Я сидел, опустив отяжелевшую и одурманенную голову на руки,
которым не под силу была их ноша, локтями опирался на колени, а ноги поставил
на перекладину стула, ибо я так подавлен, что все время сгибаюсь и съеживаюсь,
как будто в теле моем не осталось ни костей, ни мышц.
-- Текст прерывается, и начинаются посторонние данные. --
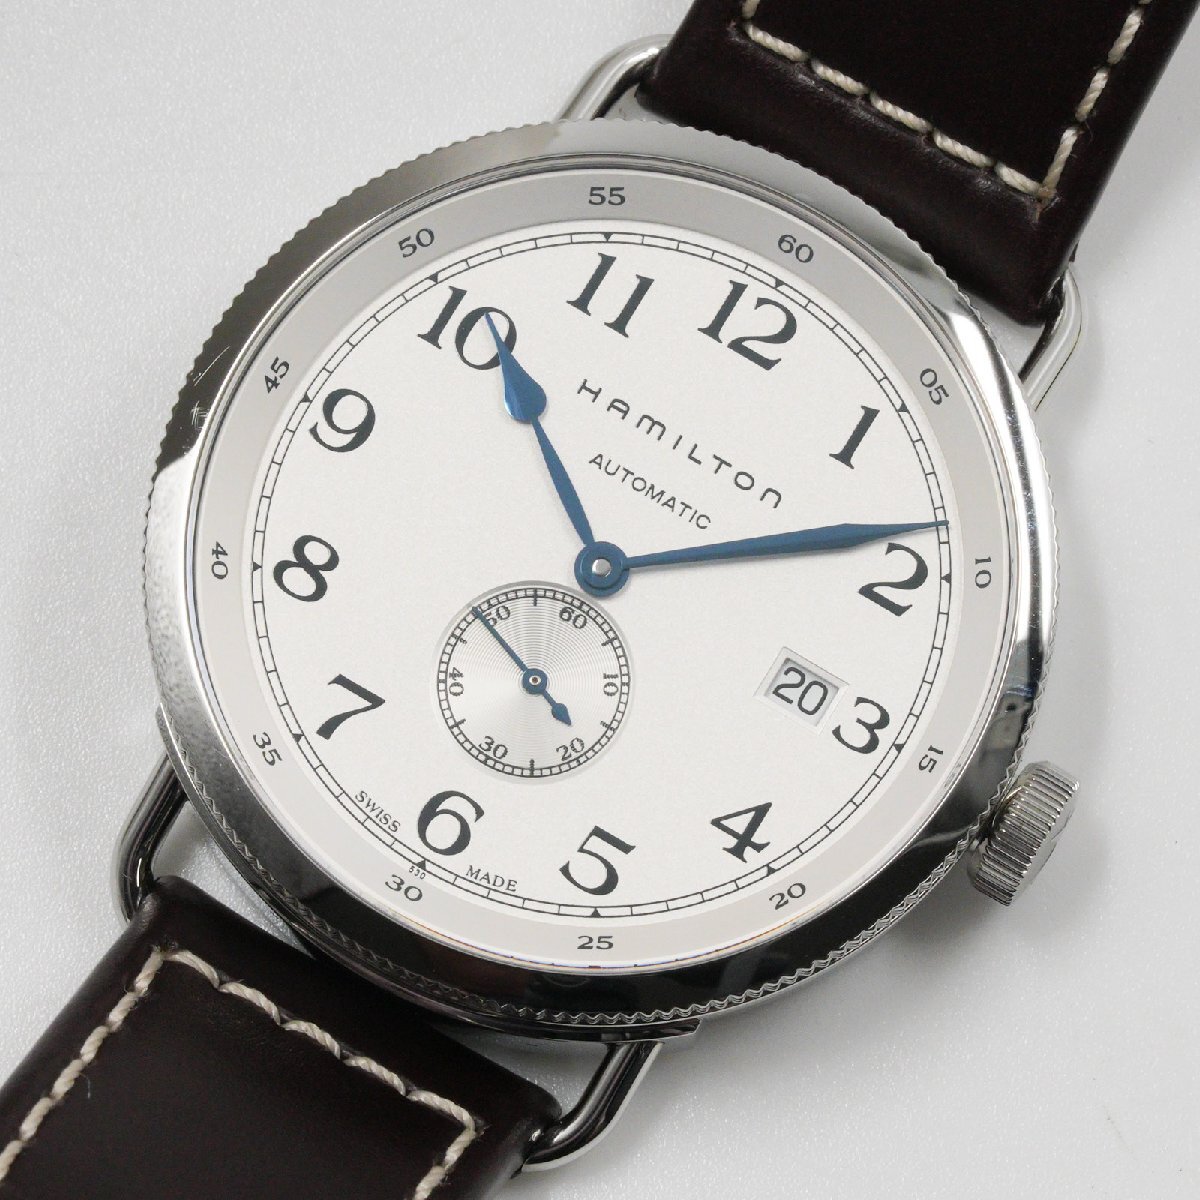 ハミルトン HAMILTON 腕時計 カーキ ネイビー パイオニア H78465553 メンズ 自動巻 中古 美品 [質イコー]_画像1

Спертый воздух тюрьмы душил меня больше, чем когда‑либо, в
ушах все еще звучал лязг кандалов, Бисетр стал мне нестерпим. Господь бог,
думал я, мог бы сжалиться надо мной и послать мне хоть птичку, чтобы она попела
немножко на крыше напротив окна.
Не знаю, господь или дьявол услышал меня, только почти в ту
же минуту под моим окном зазвучал голос, – не птички, нет, гораздо лучше:
чистый, свежий, нежный голос пятнадцатилетней девушки. Я встрепенулся, поднял голову
и стал жадно вслушиваться. Напев был медлительный и томный, похожий на грустное
и жалобное воркование; вот слова песни:
На улице Дю‑Майль
Зашился я в капкан.
Жандармы поймали,
Связали по рукам.
Не могу выразить, как горько я был разочарован; а голос
все пел:
Надели наручники,
И кончен разговор.
Спасибо, на дороге
Стоял знакомый вор.
Товарищ, товарищ,
С тобой поговорю,
Скажи моей девчонке,
Что я сыграл игру.
Скажи моей девчонке,
Пусть денег не шлет,
Убил я человека
За толстый кошелек.
За часики с цепочкой,
За шляпу и пальто,
За темную ночку,
За черт знает что.
Пускай в Версаль поедет,
Попросит короля,
Не даст ли снисхожденье
Убийце, тру‑ля‑ля.
Пускай подаст прошенье.
За это, мой гонец,
Я подарю ей туфли
И ленту на чепец.
Король читать не станет.
Велит перед зарей
Плясать мне мой танец
Меж небом и землей.[12]
Дальше я не слышал и не в силах был слушать. Наполовину
внятный, а наполовину скрытый смысл этой омерзительной песенки о борьбе
разбойника с жандармами, о встрече с вором, которого он посылает к жене со
страшной вестью: я убил человека, и меня поймали, «зашился я в капкан»;
о женщине, которая поспешила в Версаль с прошением, и о короле, который
разгневался и велит преступнику «плясать свой танец меж небом и землей»;
и при этом нежнейшая мелодия, пропетая нежнейшим голоском, когда‑либо
баюкавшим человеческий слух!.. Я оцепенел, я был подавлен, уничтожен…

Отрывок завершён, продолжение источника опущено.